Mine is ST3120026AS and has no NCQ


----------



## rohanwadhwa (Apr 27, 2005)

Hey, I wish to upgrade,
 Seagate 160 GB SATA- 4700
 Western Digital 120 GB SATA - Rs 3900
 Samsung Seagate 80 Gb SATA - Rs 3400 
(Prices as in Dehradun)

Which is the best. And also whic one to go for???? I am planning to buy the 160 GB Seagate and the dealeris offering to give about 1300-1400 Rs For my old Seagate 40 GB 5400 RPM HDD. Is it OK????


----------



## rohanwadhwa (Apr 27, 2005)

I am using Intel D865 GBF Chipset MoBo. Does it support NCQ ???


----------



## pradeep_chauhan (Apr 27, 2005)

Sorry the 865 does not support NCQ . Inter 915/925 with ICH6R and nforce 4 chipsets supports NCQ


----------



## akshayt (Apr 27, 2005)

what about nforce 3 ultra chipsets
like msi k8n neo 2 platinum , do they support ncq?


----------



## pradeep_chauhan (Apr 27, 2005)

No they do not suport NCQ


----------



## vignesh (Apr 27, 2005)

How about hitachi they give you 500 bucks for your old hdd


----------



## akshayt (Apr 28, 2005)

with a nforce 3 939 coket agp mb can i use a ncq hd and not have it funnctional,performing equal to a normal sata


----------



## pradeep_chauhan (Apr 28, 2005)

akshayt said:
			
		

> with a nforce 3 939 coket agp mb can i use a ncq hd and not have it funnctional,performing equal to a normal sata




See if the mobo does not support NCq then the NCQ complient HDD will work equally well as a non NCQ hdd and only diffrence will be the NCQ feature will not be utilised. Also later you can add on a SATA card that has a NCQ feature controller and use the NCQ feature effectivly.


----------



## akshayt (Apr 29, 2005)

what is the cost of a sata card?


----------



## magnet (Jun 1, 2005)

i have asus a7v 400mx board...will it  support sata disk?????


----------



## Charley (Jun 2, 2005)

Dont go for Samsung. I've been using Seagate for 6 years now  no problems yet.


----------



## sumitava_b (Jun 2, 2005)

In terms of performance, Samsung wins.........

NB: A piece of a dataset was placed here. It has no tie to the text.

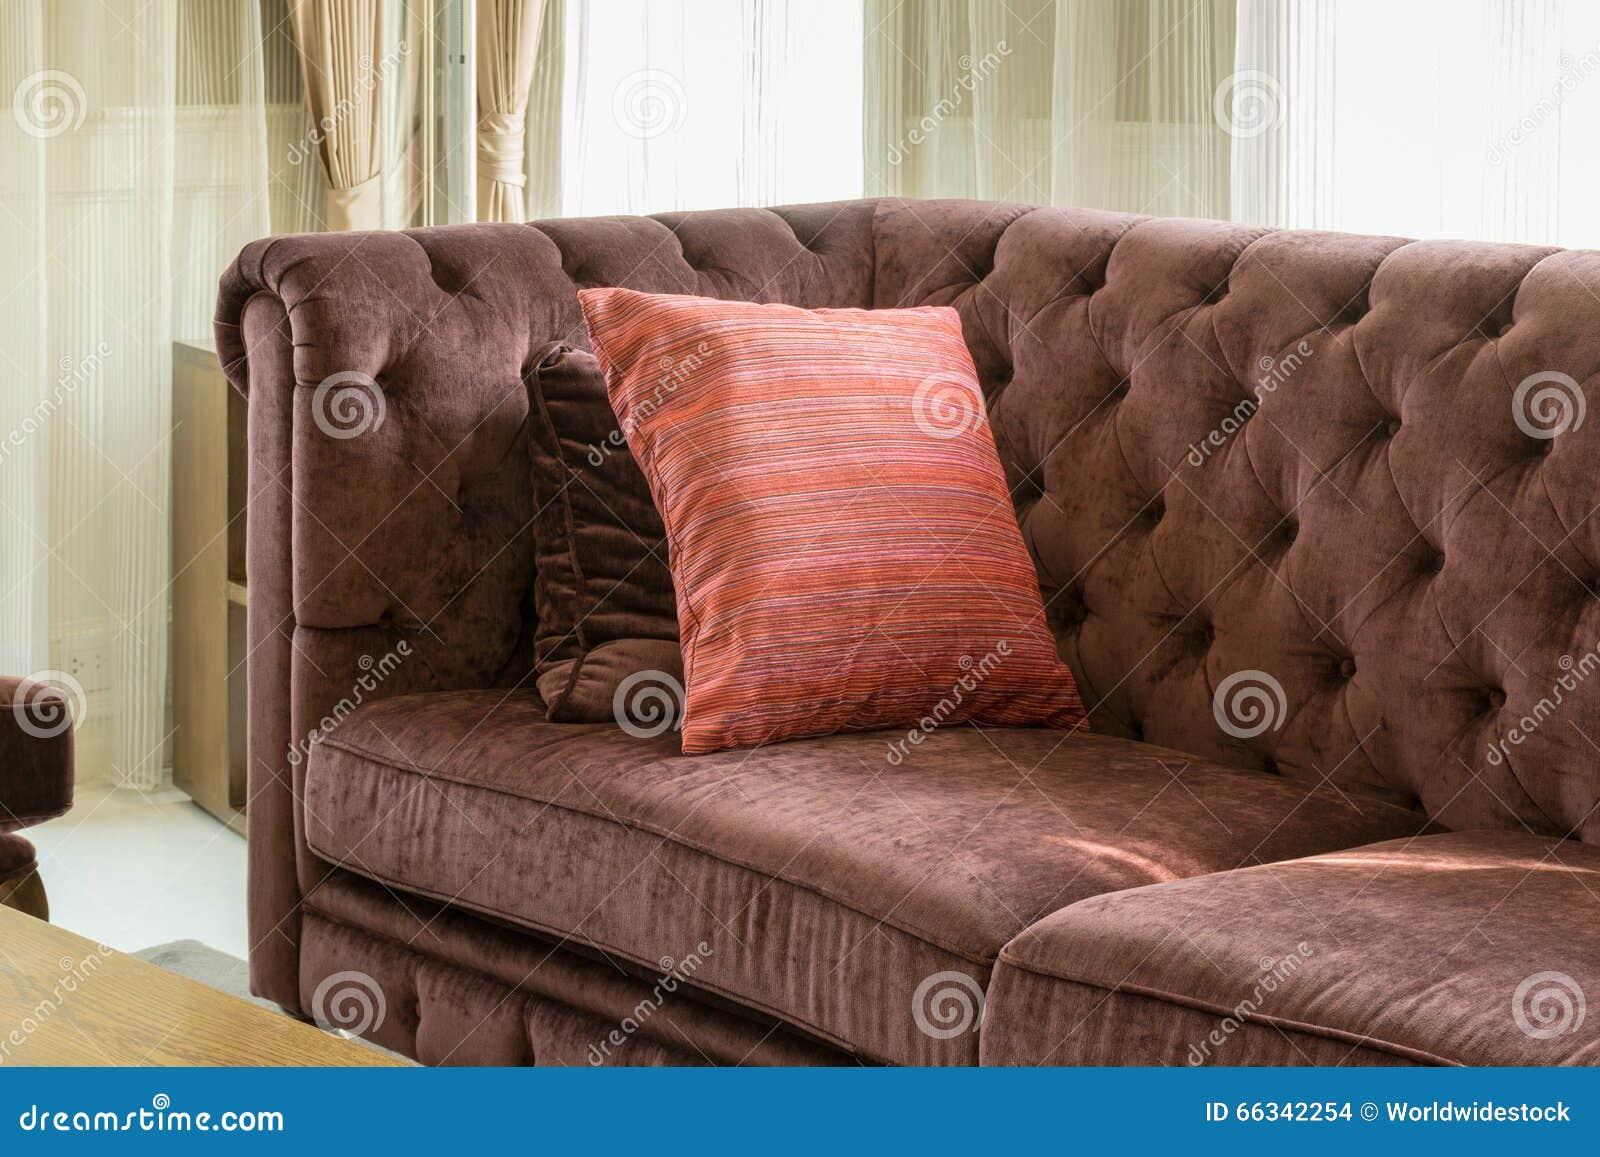 Rote Kissen Auf Rotem Sofa Im Luxuswohnzimmer Stockfoto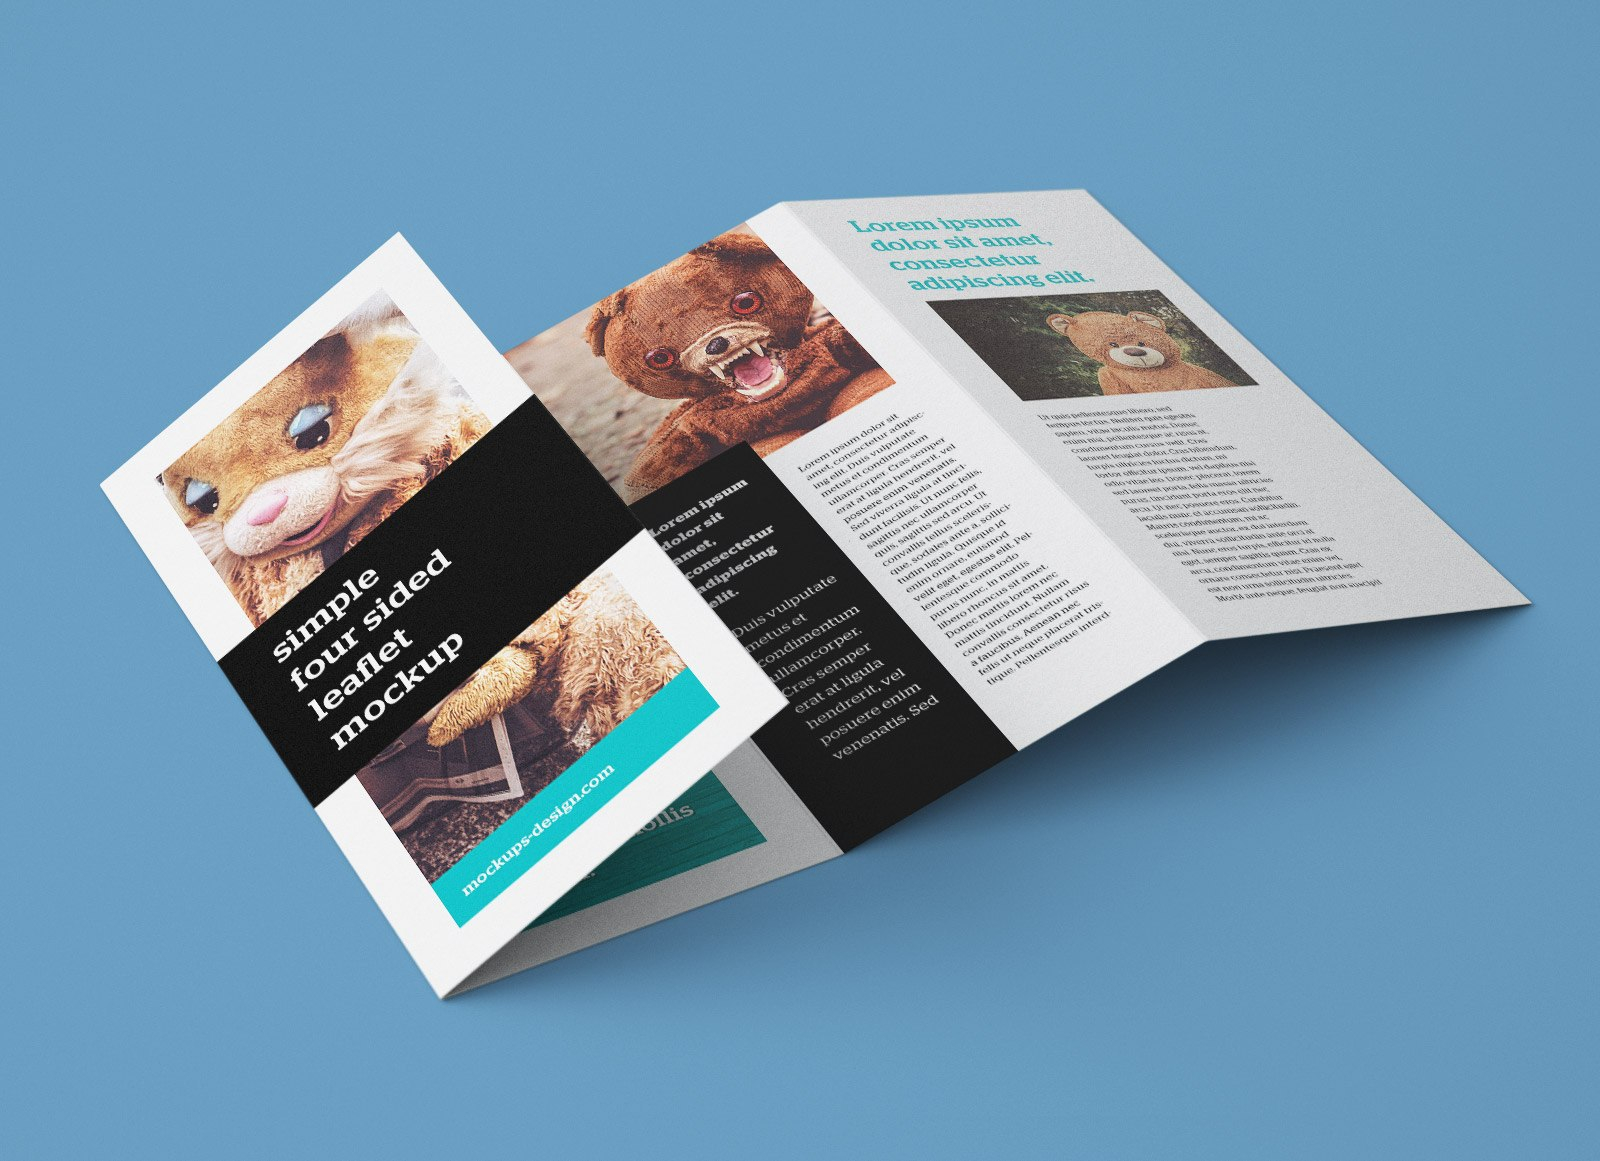 Free Accordion Fold Brochure  Leaflet Mockup Psd Templates  Good Within 2 Fold Brochure Template Psd

But in terms of reliablity, SEAGATE wins............


----------



## rollcage (Jun 3, 2005)

Me too using Seagate for 6 years now ... never had any probs!!


----------



## premrajeev (Jun 3, 2005)

I have  had both these drives plus quantum fireballs. The best is quantum.But rarely available. Samsungs will have bad sectors in their 50% of drives ( based on my experience - personally changed 12 drives).Earlier seagates were worst , then they withdrew their faulty model (the one which comes with a rubber wrapping above) All seagate newer models are superb and i own 2 of them (80 gb models) and older baracude ata 66 drives still working with no problem. Infact, the older dirves SMART reports that it's healthier than the new one !!

I will never buy a Samsung again...


----------



## supernova (Jun 3, 2005)

I have used both Samsung and Seagate.
Samsung 7200 rpm drives were the most troublesome. One jerk here n there and the drive corrupts data. Samsung 5400 rpm drive gets bad sector too frequently.
However, no problem faced with seagate so far...


----------



## Dipen01 (Jun 3, 2005)

hey guys..

  do we get 10000 rpm HDD's for 80 GB.. coz i heard of it..
if yes then are they costlier than 7200 rpm..

Will it make a big difference(if yes ..how big)

 Cheers... 
  Dipen


----------



## premrajeev (Jun 6, 2005)

10000 rpm hadd's used to be SCSI ones..Seagate Cheatah being example for the same.


----------



## pradeep_chauhan (Jun 6, 2005)

there are 10000 rpm sata disks called raptor the performance increase is about 10% across the board and 15% in multitasking applications.


----------



## Dipen01 (Jun 6, 2005)

Cost... is it costlier than 7200 r.p.m??


----------



## King_Niral (Jun 7, 2005)

akshayt said:
			
		

> what is the cost of a sata card?



I would like 2 know !!!

WHICH is better 2 * 40GB 
or 1 80GB Im talking about SATA AND running IN RAID  !!!!

IS it COST EFFECTIVE !!!

Can i run ODD NUMBERS or drives examples 3 , 5 etc !!! MY MOBO SUPPORTS UPTO 6 SATA DRIVES !!! ASUS K8N-E DELUXE !!!

SEGATE OR SAMSUNG ????


Cheers !!!


----------